■ What is required
From the first line of the listing to the last, set down everything exactly, but skip the images.

START Dataset excerpt

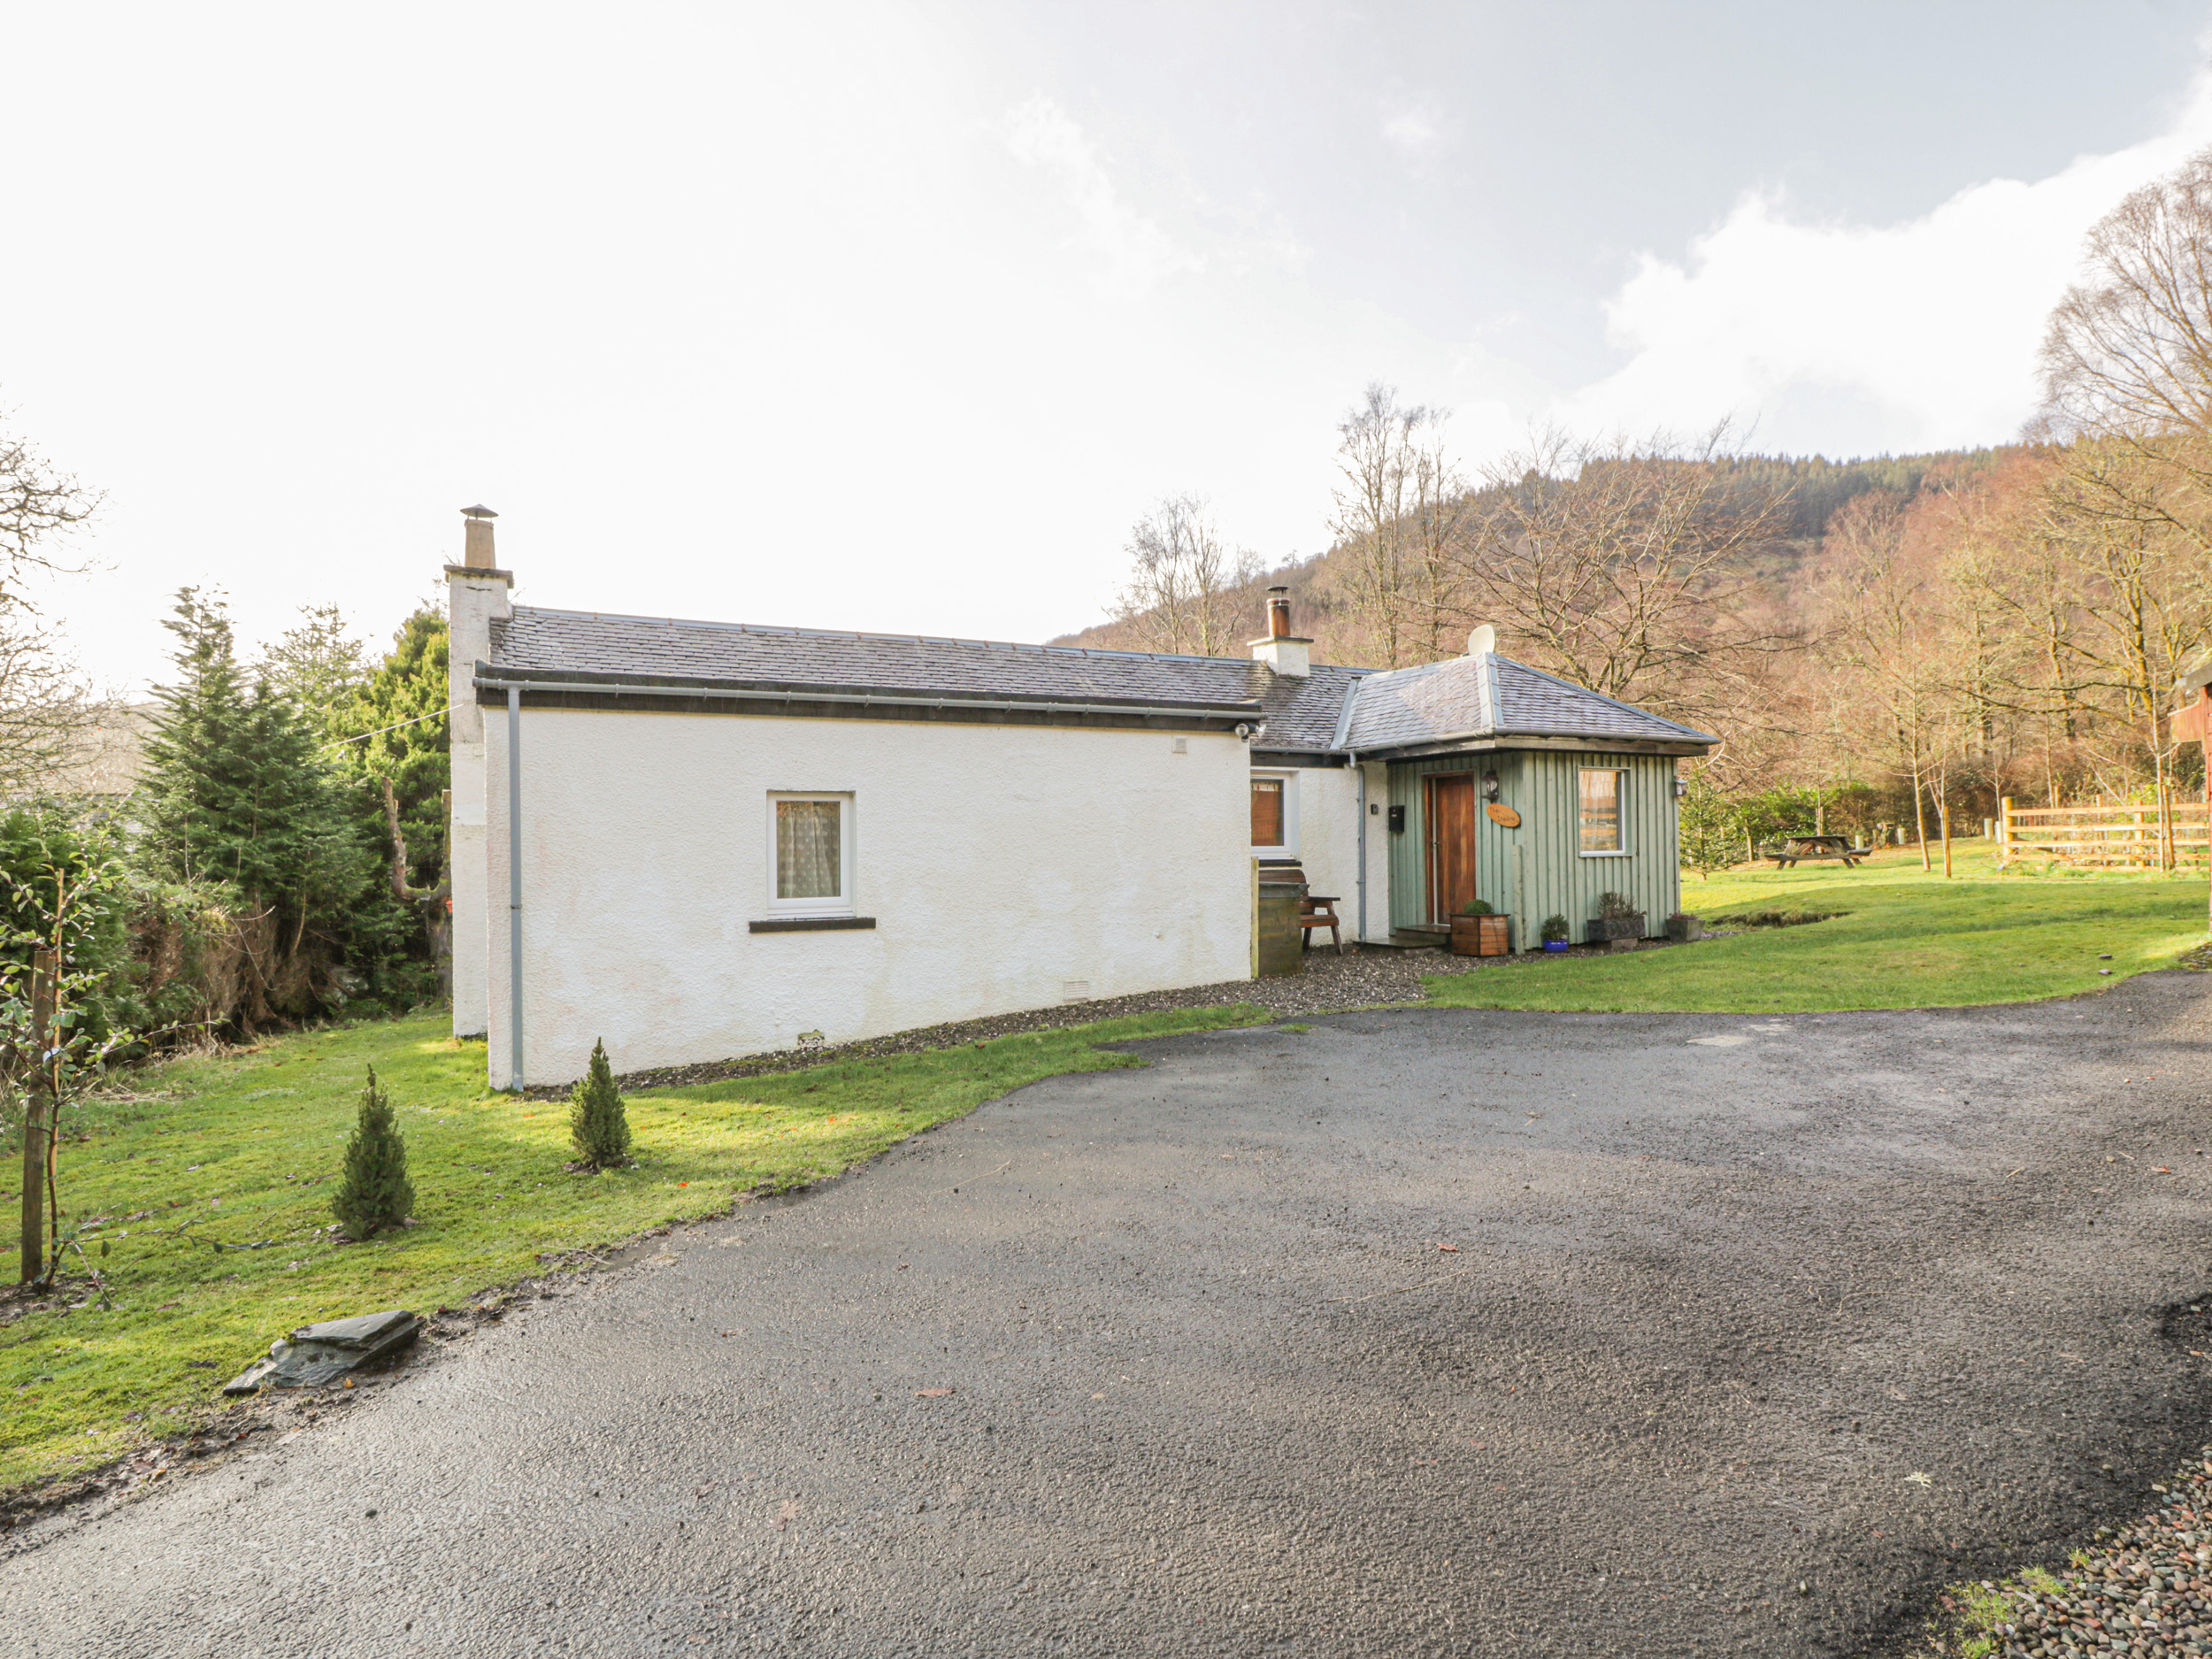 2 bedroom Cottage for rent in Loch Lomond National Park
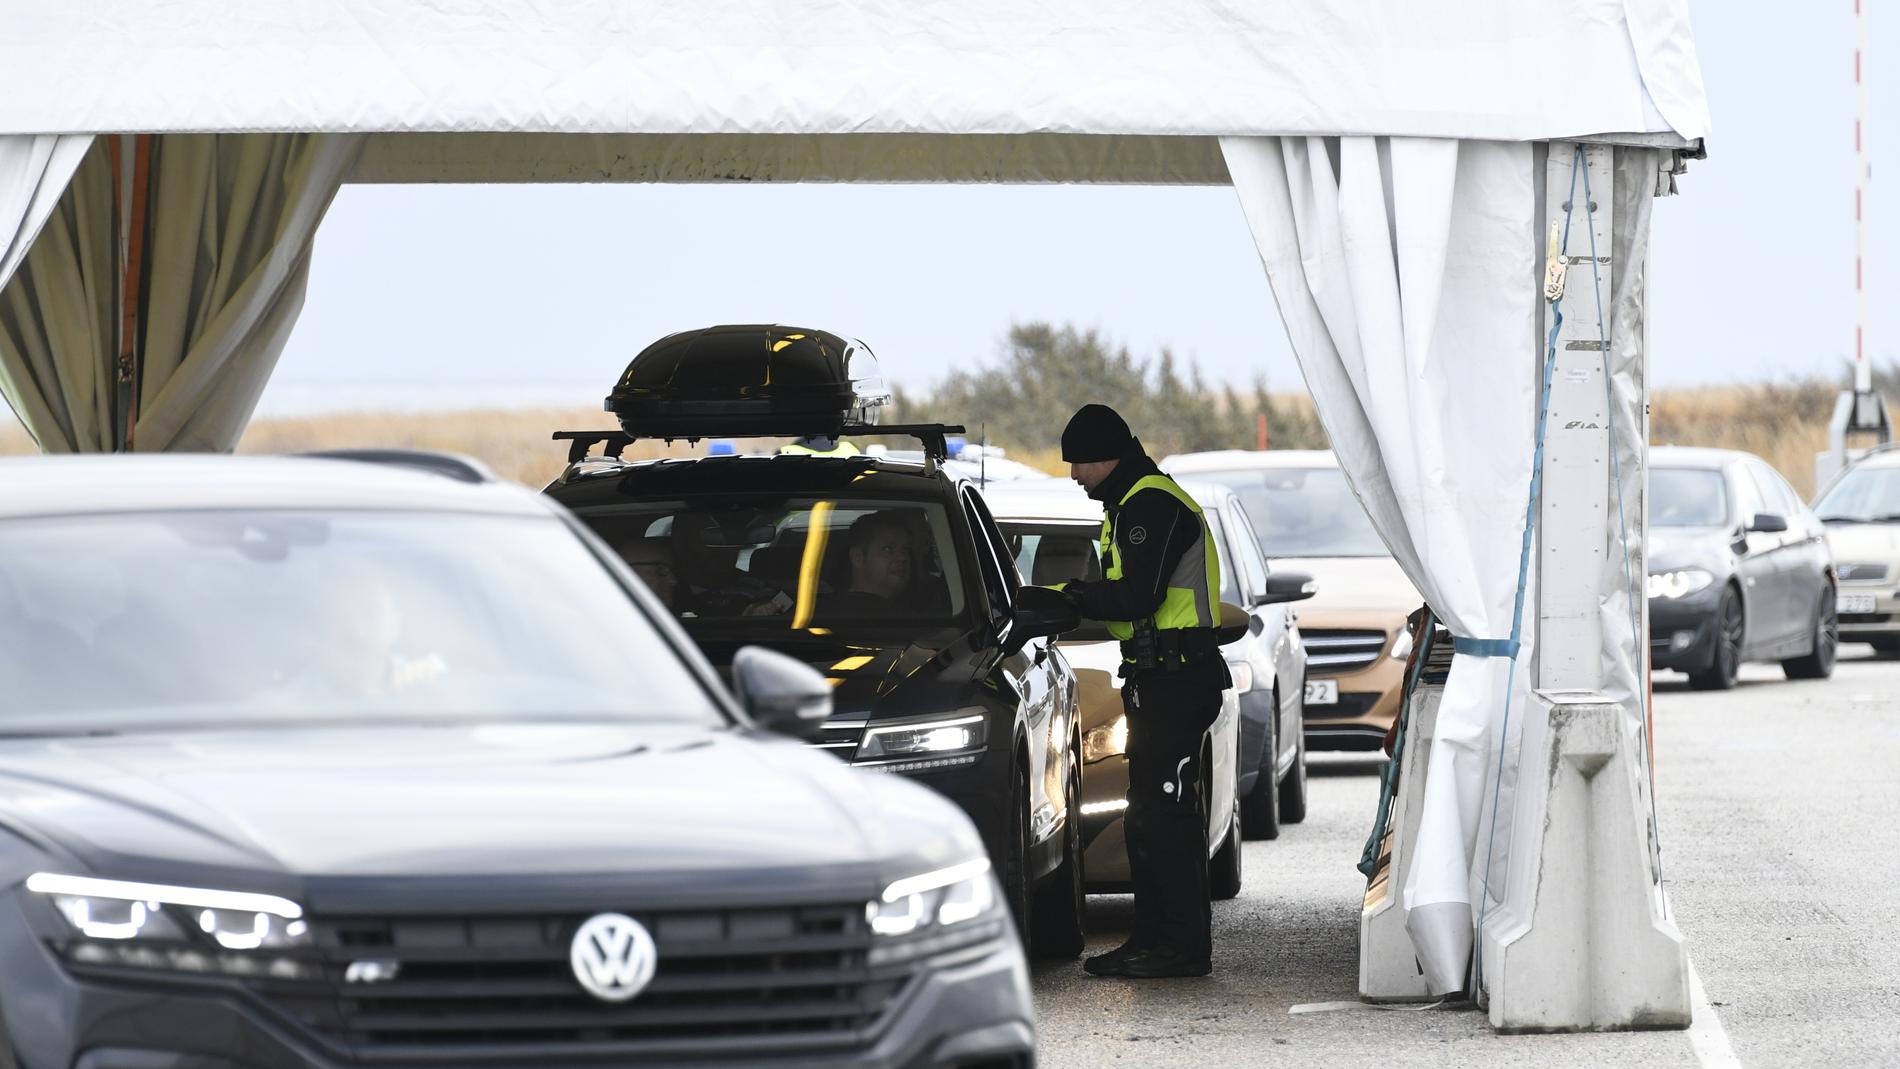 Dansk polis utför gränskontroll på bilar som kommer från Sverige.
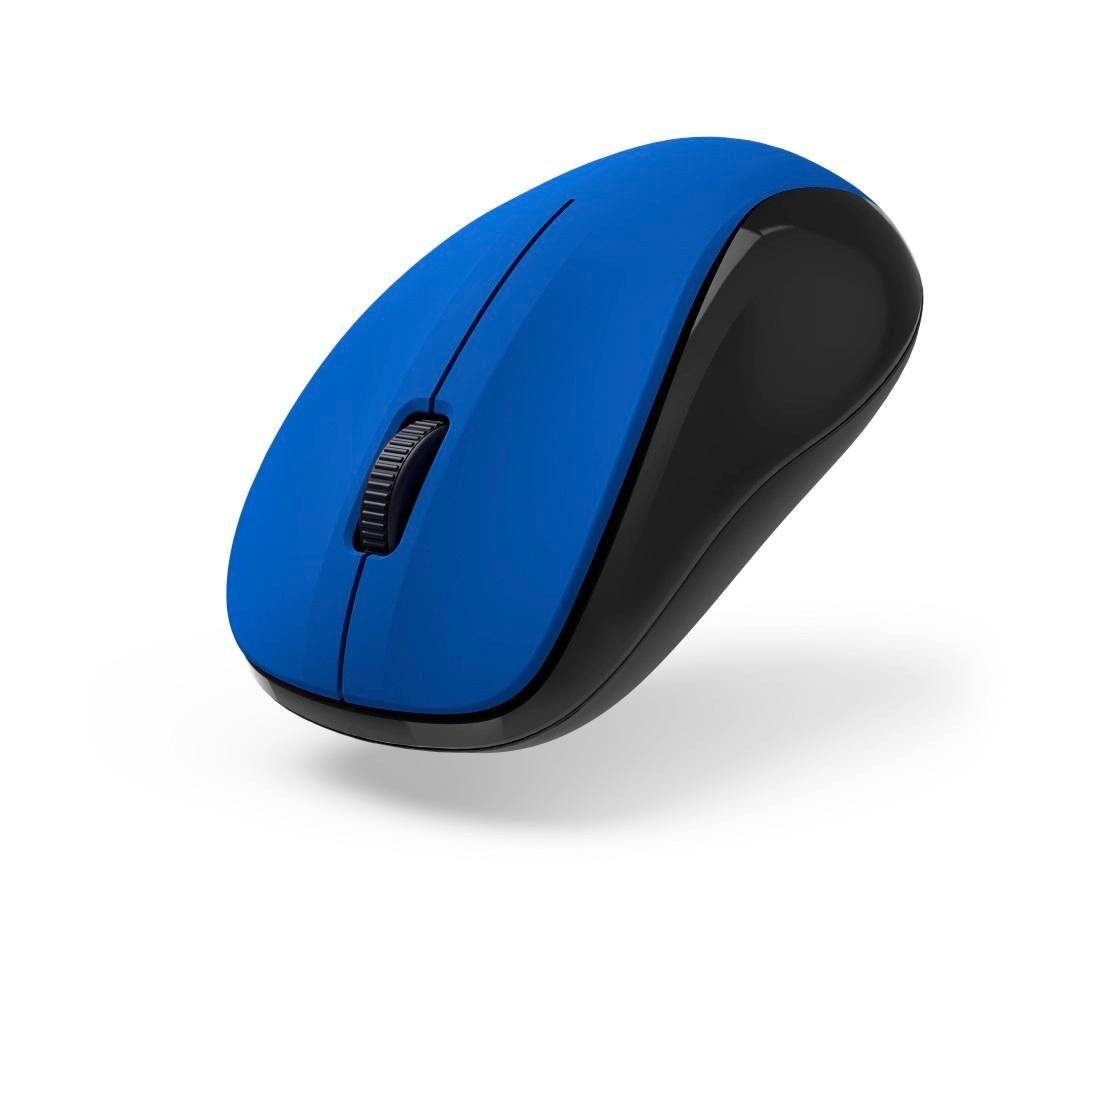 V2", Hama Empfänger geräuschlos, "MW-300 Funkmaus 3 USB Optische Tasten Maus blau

END Dataset excerpt

■ Solved exercise
 2 bedroom Cottage for rent in Loch Lomond National Park
 Dansk polis utför gränskontroll på bilar som kommer från Sverige.
 V2", Hama Empfänger geräuschlos, "MW-300 Funkmaus 3 USB Optische Tasten Maus blau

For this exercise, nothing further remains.